Redakcja KR

Pstryk i stała się jasność - test czołówki Petzl NAO RL

31.01.2023

Pod koniec roku Petzl wypuścił na rynek nową czołówkę z najwyższej serii Performance. Na papierze i zdjęciu NAO RL ewidentnie łączyło atuty kilku różnych poprzednich modeli. Idealny czas! Wraz z nastaniem jesieni na wszystkie treningi wychodziłem już w ciemnościach, a dodatkowo czołówka dotarła do mnie zaraz po pierwszym solidnym opadzie śniegu, co z nasmarowanymi nartami pozwoliło mi wycisnąć z niej jeszcze więcej.

Te(k)st: Maciek Skiba

Zdjęcie główne: Materiały Petzl / François D'Haene

 

Uważam, że w obecnych czasach stawianie się pokusom konsumpcjonizmu jest wielce przyzwoite. W świecie sportów outdoorowych nie jest to zadanie łatwe, szczególnie kiedy uprawia się więcej niż jedną dyscyplinę wymagającą odpowiedniego sprzętu wtedy warto szukać przedmiotów wybitnie uniwersalnych, które z powodzeniem można wykorzystać interdyscyplinarnie. Podziękują nam za to portfel, przestrzeń oraz planeta.
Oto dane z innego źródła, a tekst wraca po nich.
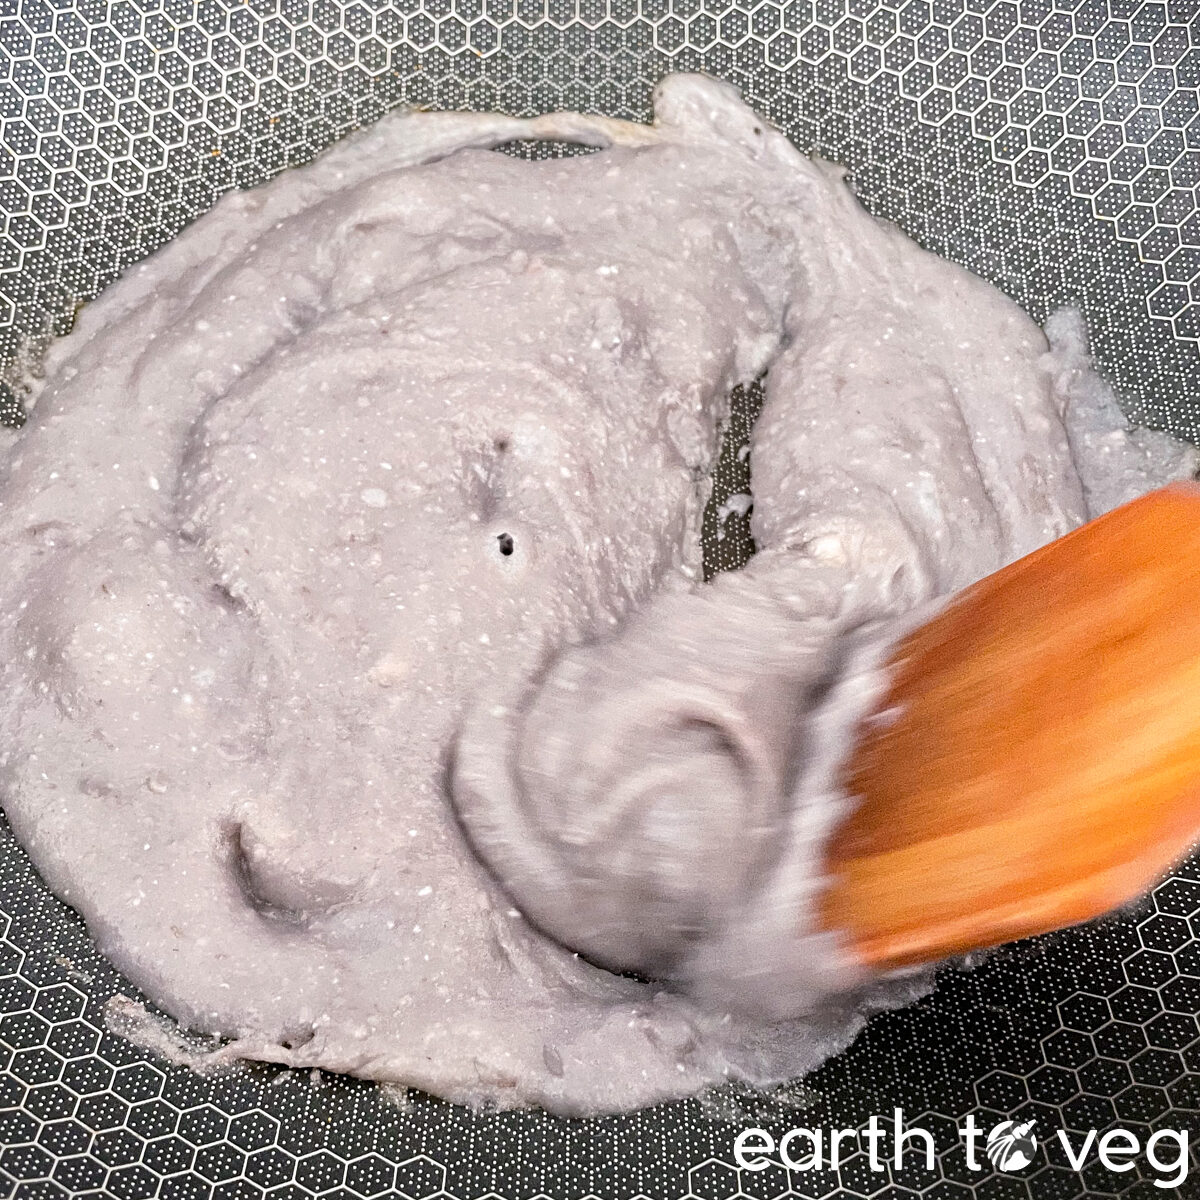 reducing taro paste in a wok
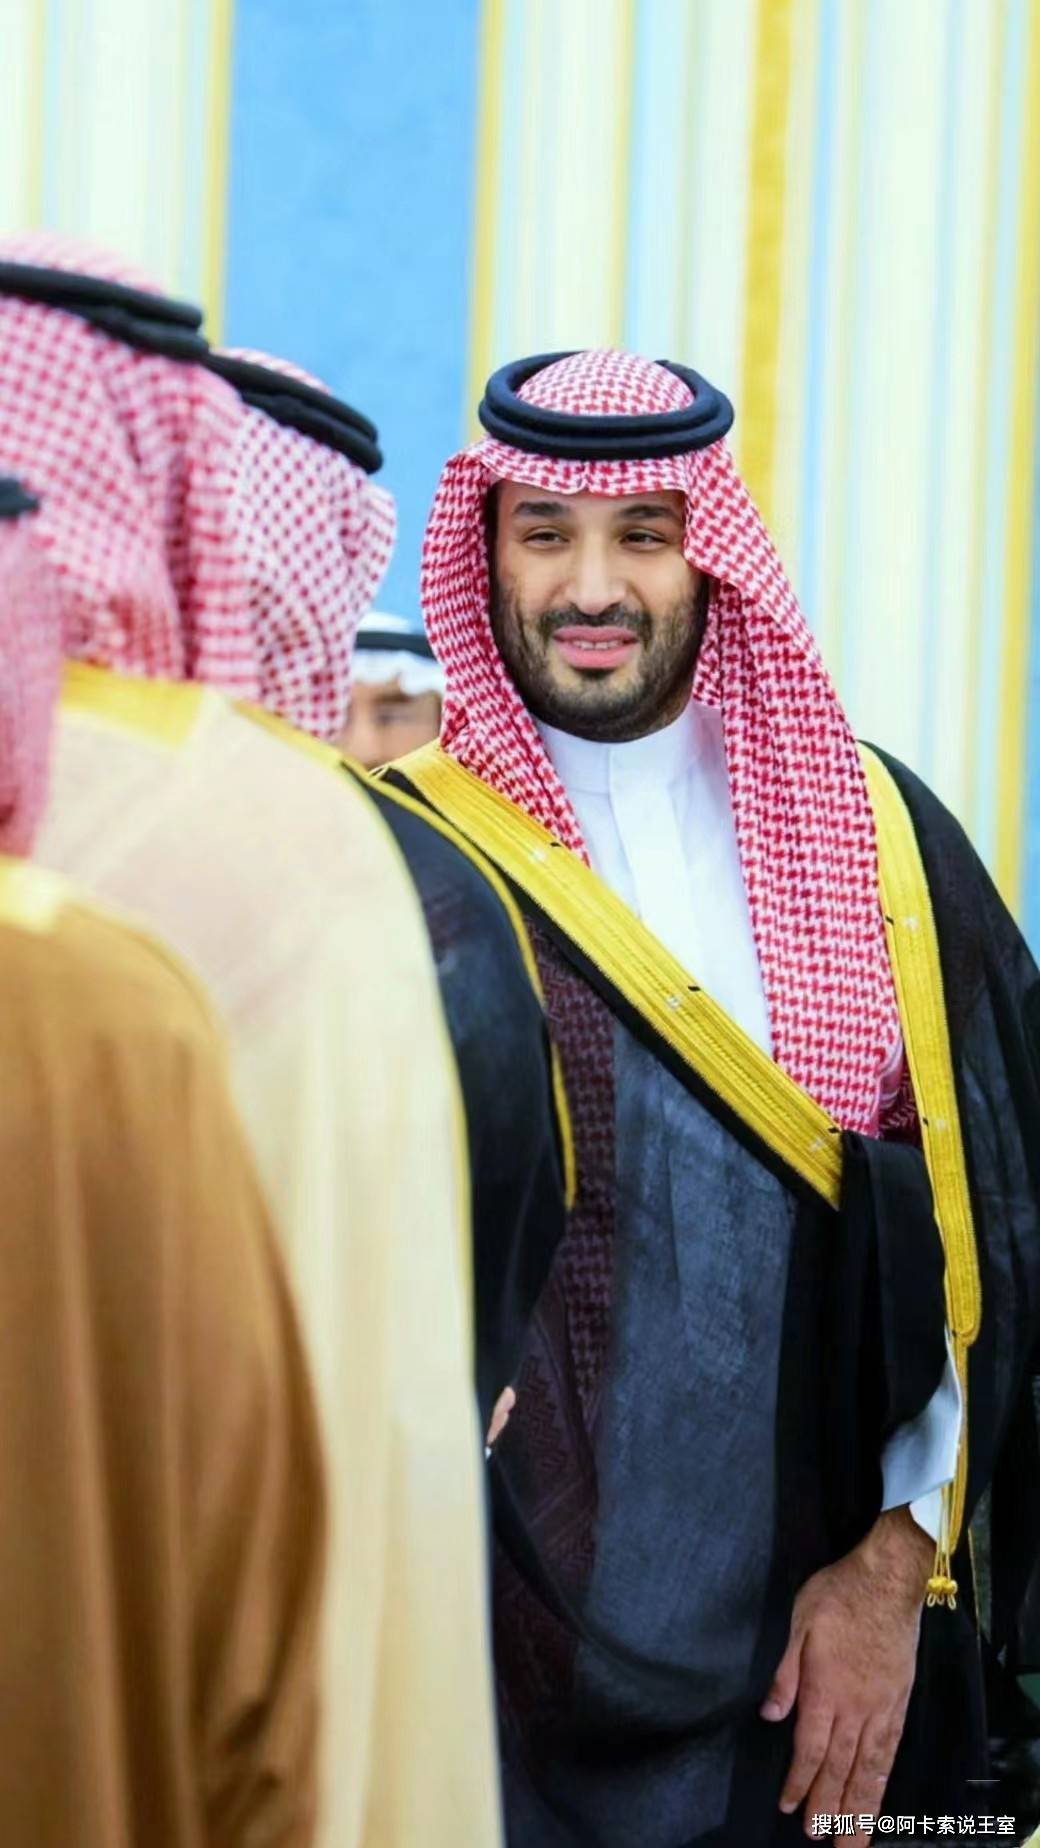 沙特迎来一年一度的斋月,王储萨勒曼主持活动,王室将迎来一个月的斋月

Od jesieni do wiosny ciemno robi się wszędzie, natomiast w miejscu, gdzie mieszkam, dodatkowo spada(ło) sporo śniegu. Z grząskiego błota grunt powoli zmienia się w głęboki śnieg lub jak w tym sezonie zlodowaciałe jego resztki, które nie tylko sprawiają, że bieganie staje się nieefektywne, lecz także bardziej kontuzjogenne. Wtedy gremialnie wyciągamy z piwnic skitury i cały treningowy pion zaliczamy właśnie w ten sposób. Brzmi to jak opis północnej części Norwegii, ale to dalej miejscami Polska. A może po prostu lubimy chodzić na nartach i tak to usprawiedliwiam? Trening w tych warunkach odbywa się wcześnie rano lub późno wieczorem, kiedy stoki narciarskie są puste i ciemne. Do czasu, aż założyłem na głowę najnowszy model Petzl NAO RL.

zdjęcie: Maciej Skiba

JEST MOC

Już z pudełka „krzyczy” piekielna duża moc czołówki określona na 1500 lumenów według standardów ANSI. To bardzo dużo, najwięcej z latarek oferowanych przez Petzla, to też dużo więcej niż światła 20-letniego opla corsy. Za ich emisję odpowiada dziewięć niezależnych diod LED, co jest o tyle istotne, że jeśli jedna z nich się po prostu przepali, pozostałe dalej dają światło. Cały system przypomina ten z poprzednich flagowców Petzla akumulator znajduje się z tyłu i łączy główne źródło światła jednym, elastycznym kablem. W baterii znajduje się kolejna dioda, która daje czerwone światło w dwóch wariantach: ciągłym i migającym. Włącza się je osobno, co dodatkowo nie drenuje niepotrzebnie baterii.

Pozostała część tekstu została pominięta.